4. Was method of handling withdrawals described?
  4.1. Were follow-up methods described and the same for all groups?
  4.2. Was the number, characteristics of withdrawals (i.e., dropouts, lost to follow up, attrition rate) and/or response rate (cross-sectional studies) described for each group? (Follow up goal for a strong study is 80%.)
  4.3. Were all enrolled subjects/patients (in the original sample) accounted for?
  4.4. Were reasons for withdrawals similar across groups?
  4.5. If diagnostic test, was decision to perform reference test not dependent on results of test under study?
5. Was blinding used to prevent introduction of bias?
  5.1. In intervention study, were subjects, clinicians/practitioners, and investigators blinded to treatment group, as appropriate?
  5.2. Were data collectors blinded for outcomes assessment? (If outcome is measured using an objective test, such as a lab value, this criterion is assumed to be met.)
  5.3. In cohort study or cross-sectional study, were measurements of outcomes and risk factors blinded?
  5.4. In case control study, was case definition explicit and case ascertainment not influenced by exposure status?
  5.5. In diagnostic study, were test results blinded to patient history and other test results?
6. Were intervention/therapeutic regimens/exposure factor or procedure and any comparison(s) described in detail?

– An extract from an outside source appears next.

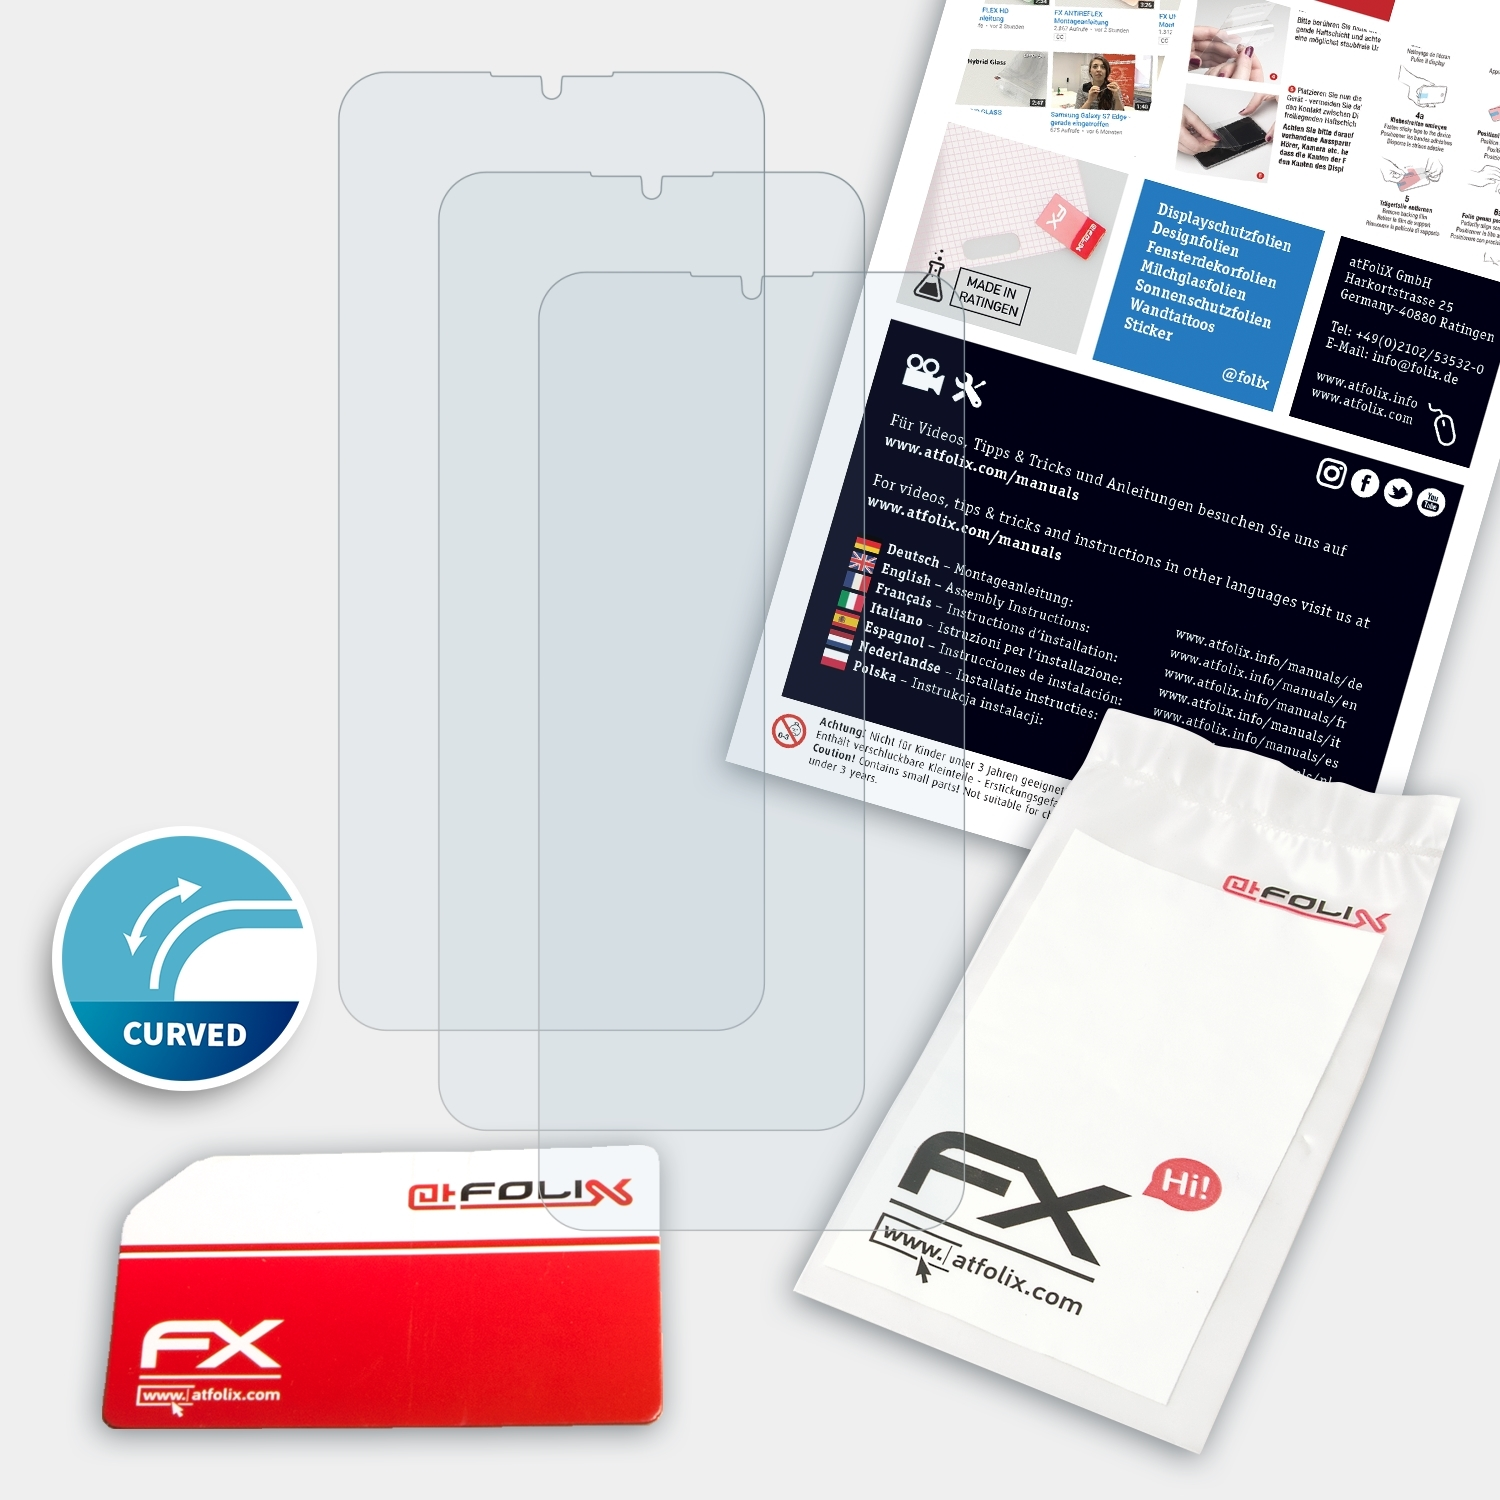 ATFOLIX 3x FX-ActiFleX Displayschutz(für Alcatel (2020)) 3X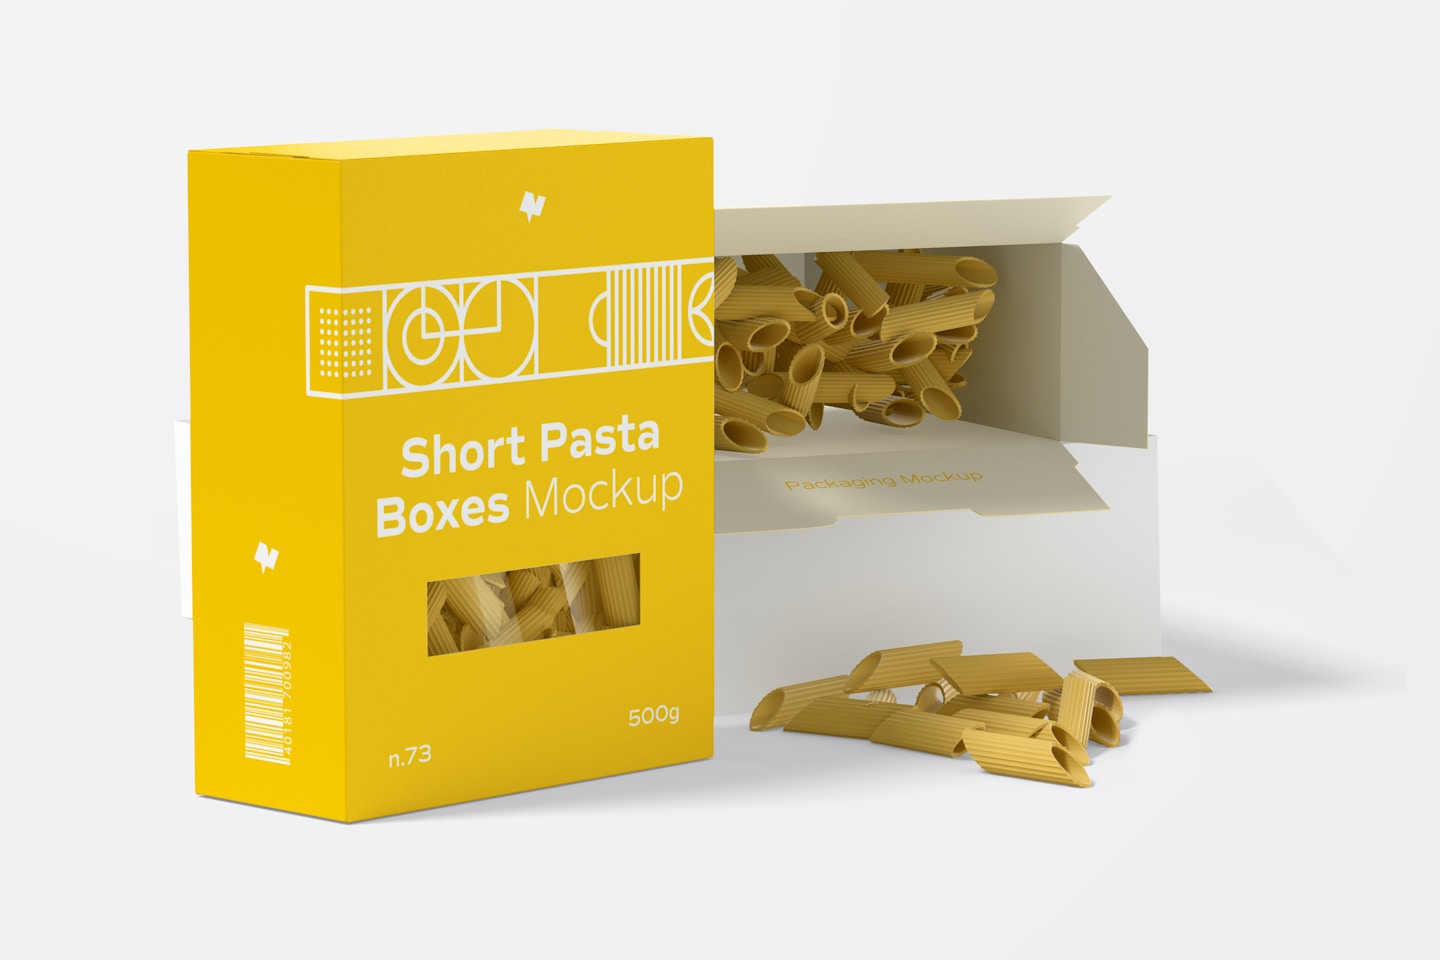 Short Pasta Boxes Mockup, Perspective

Were intervening factors described?
  6.1. In RCT or other intervention trial, were protocols described for all regimens studied?
  6.2. In observational study, were interventions, study settings, and clinicians/provider described?
  6.3. Was the intensity and duration of the intervention or exposure factor sufficient to produce a meaningful effect?
  6.4. Was the amount of exposure and, if relevant, subject/patient compliance measured?
  6.5. Were co-interventions (e.g., ancillary treatments, other therapies) described?
  6.6. Were extra or unplanned treatments described?
  6.7. Was the information for 6.4, 6.5, and 6.6 assessed the same way for all groups?
  6.8. In diagnostic study, were details of test administration and replication sufficient?
7. Were outcomes clearly defined and the measurements valid and reliable?
  7.1. Were primary and secondary endpoints described and relevant to the question?
  7.2. Were nutrition measures appropriate to question and outcomes of concern?
  7.3. Was the period of follow-up long enough for important outcome(s) to occur?
  7.4. Were the observations and measurements based on standard, valid, and reliable data collection instruments/tests/procedures?
  7.5. Was the measurement of effect at an appropriate level of precision?
  7.6. Were other factors accounted for (measured) that could affect outcomes?
  7.7. Were the measurements conducted consistently across groups?
8. Was the statistical analysis appropriate for the study design and type of outcome indicators?
  8.1. Were statistical analyses adequately described and the results reported appropriately?
  8.2. Were correct statistical tests used and assumptions of test not violated?
  8.3. Were statistics reported with levels of significance and/or confidence intervals?
  8.4. Was "intent to treat" analysis of outcomes done (and as appropriate, was there an analysis of outcomes for those maximally exposed or a dose-response analysis)?
  8.5. Were adequate adjustments made for effects of confounding factors that might have affected the outcomes (e.g., multivariate analyses)?
  8.6. Was clinical significance as well as statistical significance reported?
  8.7. If negative findings, was a power calculation reported to address type 2 error?
9. Are conclusions supported by results with biases and limitations taken into consideration?
  9.1. Is there a discussion of findings?
  9.2. Are biases and study limitations identified and discussed?
10. Is bias due to study’s funding or sponsorship unlikely?
  10.1. Were sources of funding and investigators’ affiliations described?
  10.2. Was the study free from apparent conflict of interest?